Anna Benz, an American in her late thirties, lives with her Swiss husband, Bruno—a banker—and their three young children in a postcard-perfect suburb of Zürich. Though she leads a comfortable, well-appointed life, Anna is falling apart inside. Adrift and increasingly unable to connect with the emotionally unavailable Bruno or even with her own thoughts and feelings, Anna tries to rouse herself with new experiences: German language classes, Jungian analysis, and a series of sexual affairs she enters with an ease that surprises even her.
But Anna can’t easily extract herself from these affairs. When she wants to end them, she finds it’s difficult. Tensions escalate, and her lies start to spin out of control. Having crossed a moral threshold, Anna will discover where a woman goes when there is no going back.

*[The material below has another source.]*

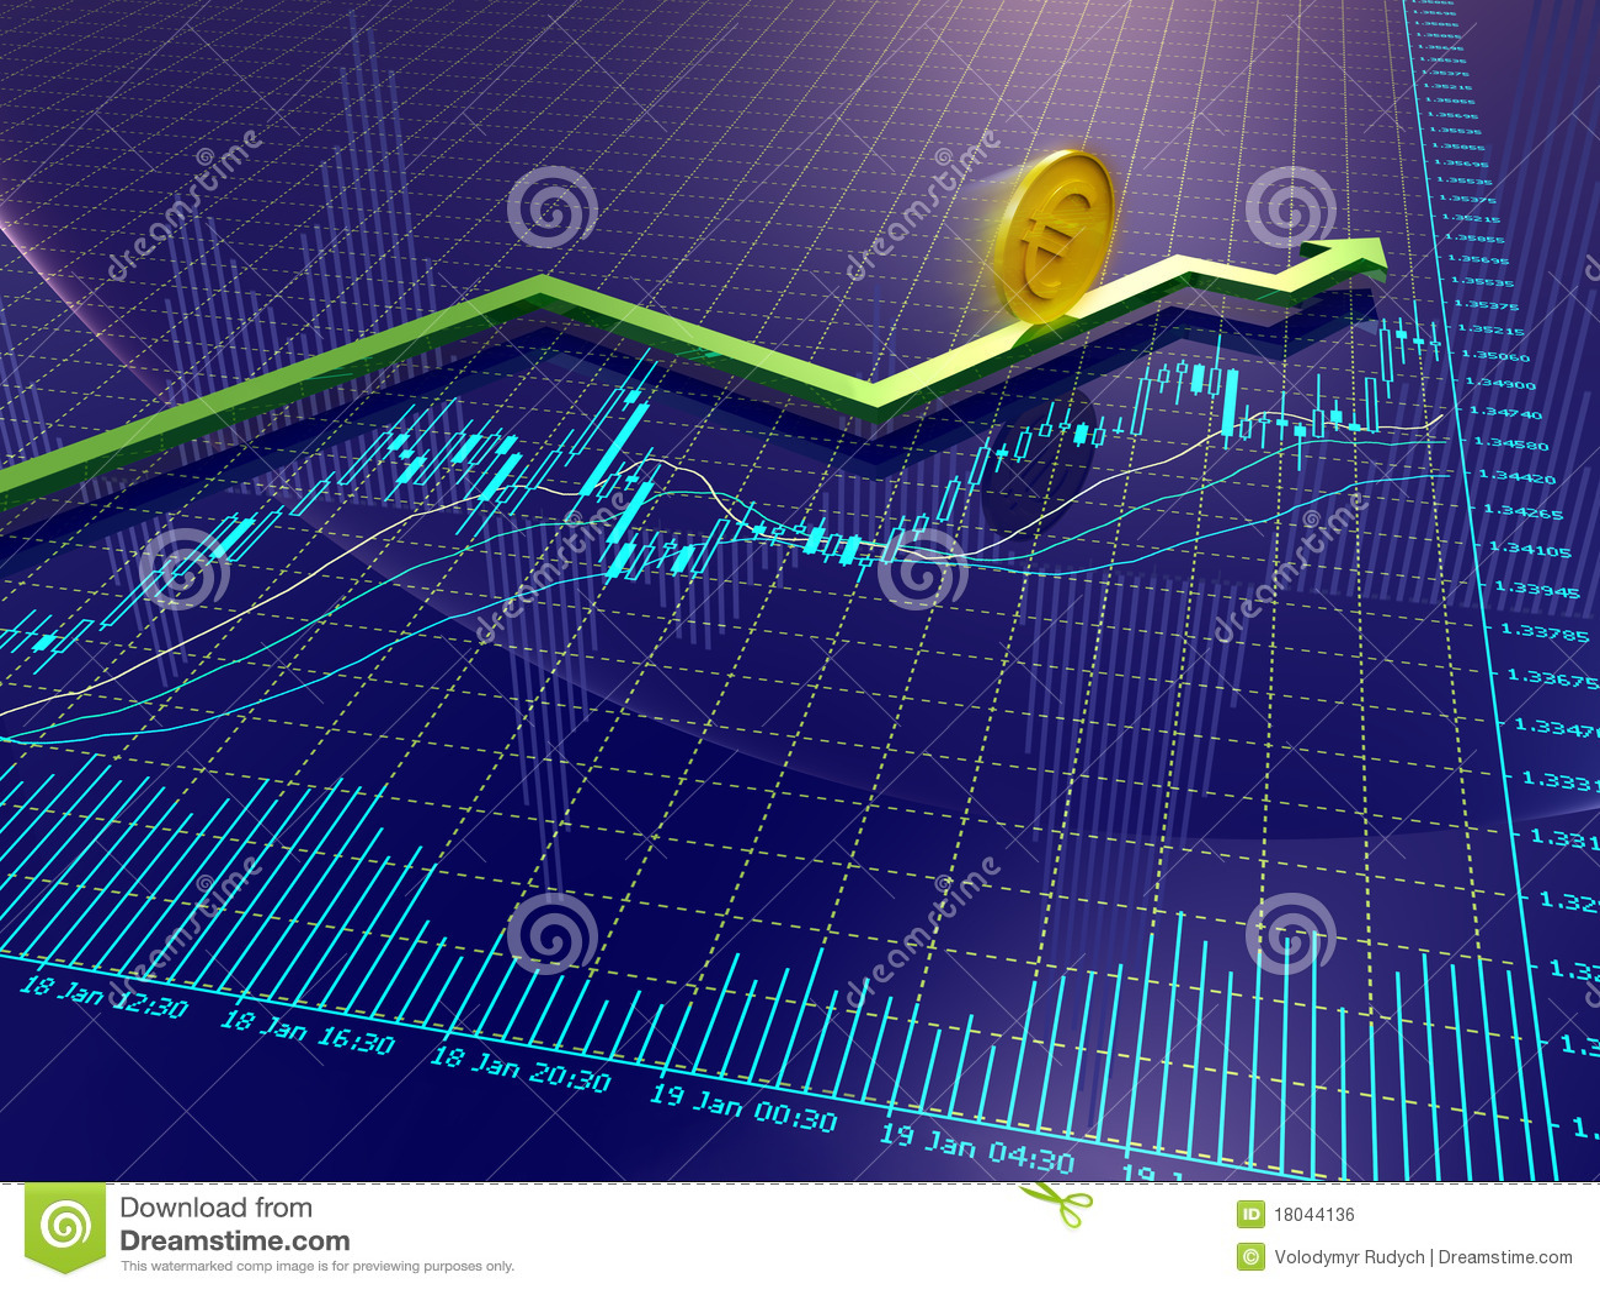 стрелка составляет схему валютам евро монетки

Intimate, intense, and written with the precision of a Swiss Army knife, Jill Alexander Essbaum’s debut novel is an unforgettable story of marriage, fidelity, sex, morality, and most especially self. Navigating the lines between lust and love, guilt and shame, excuses and reasons, Anna Benz is an electrifying heroine whose passions and choices readers will debate with recognition and fury. Her story reveals, with honesty and great beauty, how we create ourselves and how we lose ourselves and the sometimes disastrous choices we make to find ourselves.
Review: I'll start this off by saying, nothing about this reminded me of Girl on a Train, and I actually find it weird that it was even mentioned. I haven't read The Woman Upstairs.

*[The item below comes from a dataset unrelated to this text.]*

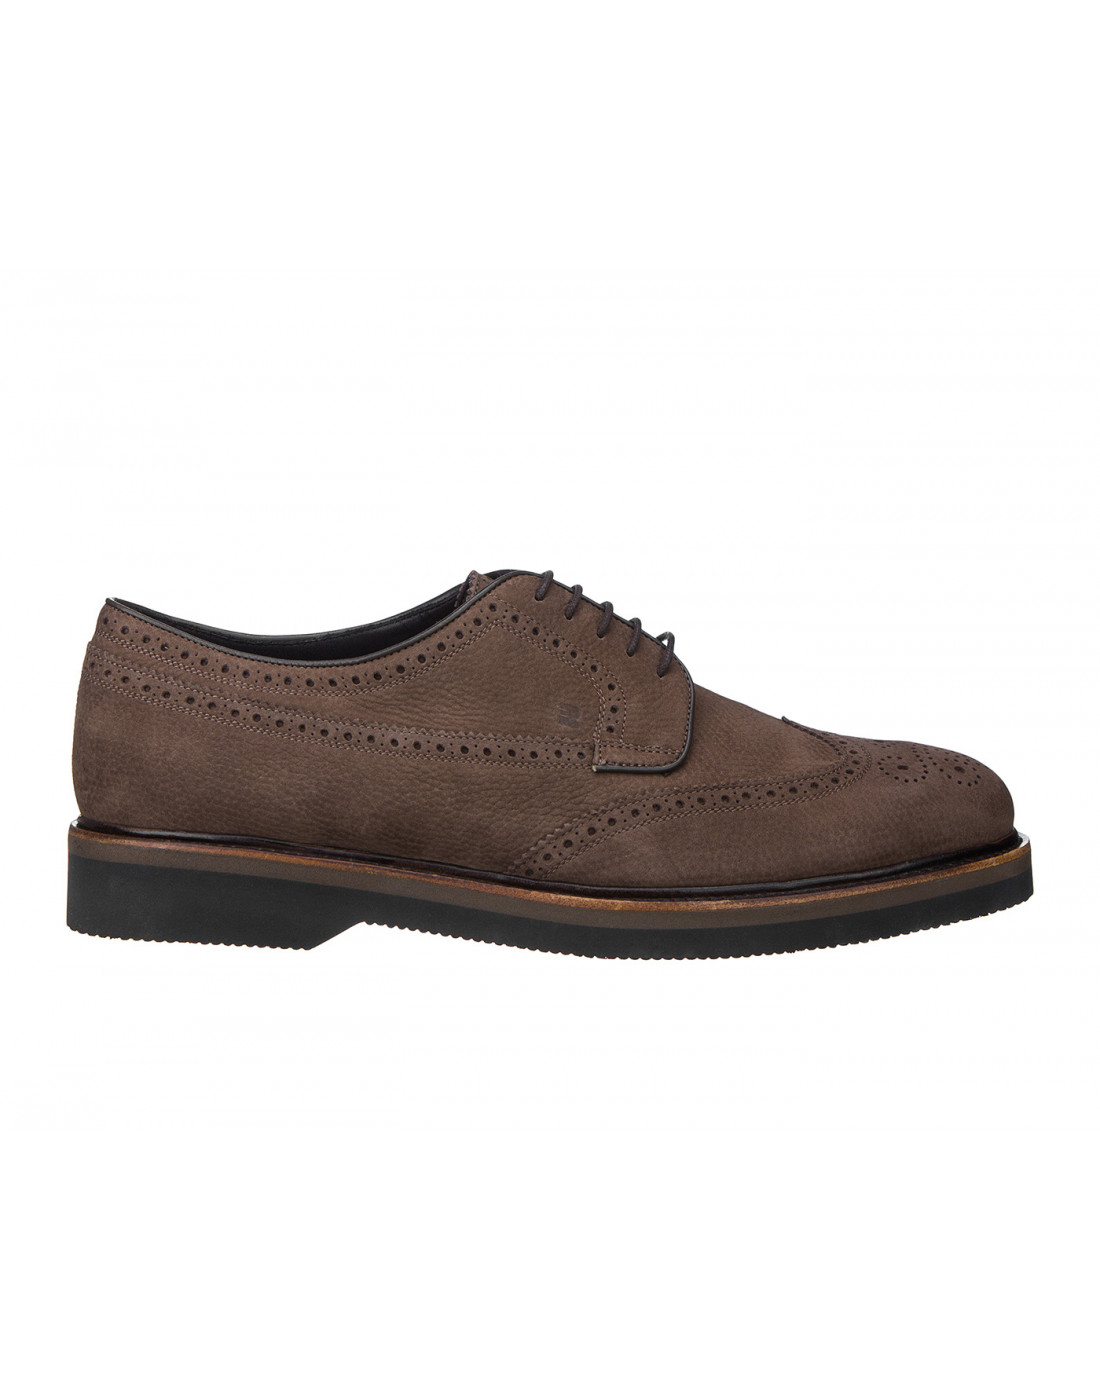 Туфли бежевые мужские Fratelli Rossetti S45900-1

This book was recommended by my coworker who has given me excellent recommendations in the past. This one though was a fail. I didn't enjoy it, and I'm pretty sure that had I been reading the paper version, I would have returned it to the library after the second or third chapters. However, I had the audio version and for whatever reason just kept going ahead with it.

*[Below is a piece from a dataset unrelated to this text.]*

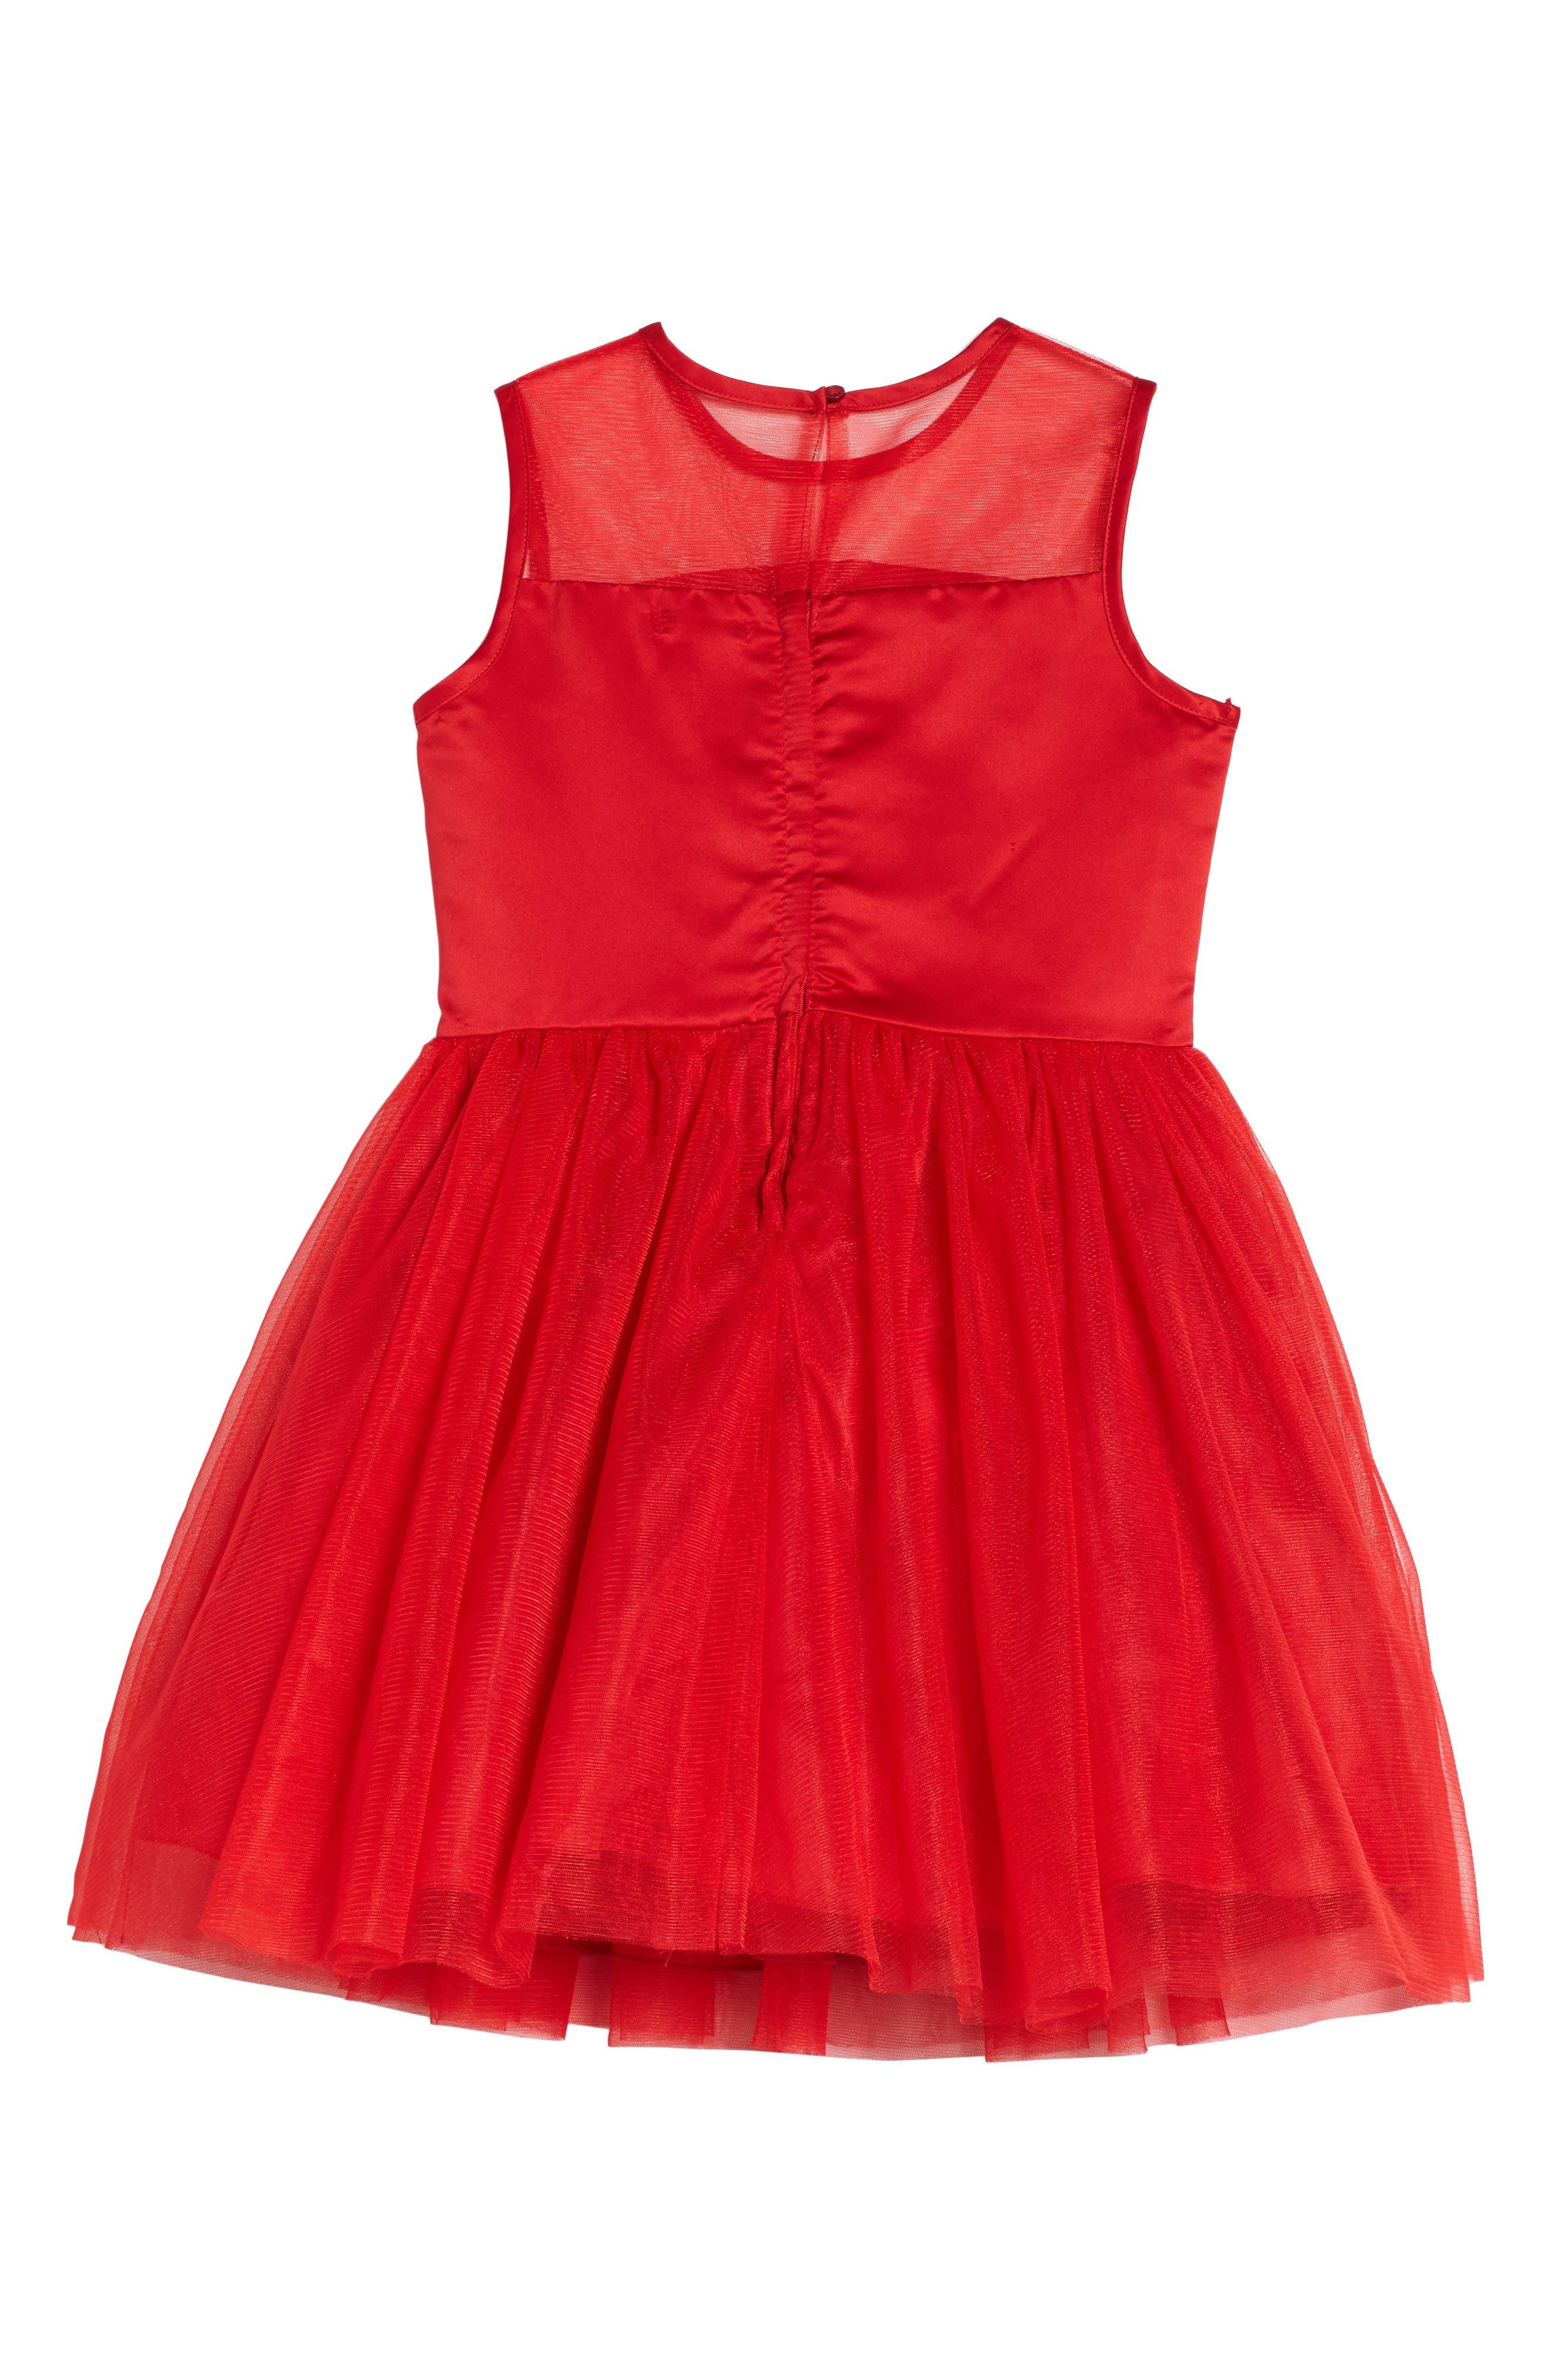 Floral Embellished Sleeveless Dress,                             Alternate thumbnail 2, color,                             Red

The plot was boring and Anna was an unlikable character. I don't mind insinuated sex or a few details, but this was too much and turned me off from the book as a whole. Pardon the pun.
From the beginning you just knew it isn't going to end well for Anna, and the author's closing paragraph was the best part of the book (and not just because it was over). The chosen closing words were brilliant.
The author can write; this just wasn't my cup of tea as a whole.
The author can write; this just wasn't my cup of tea as a whole.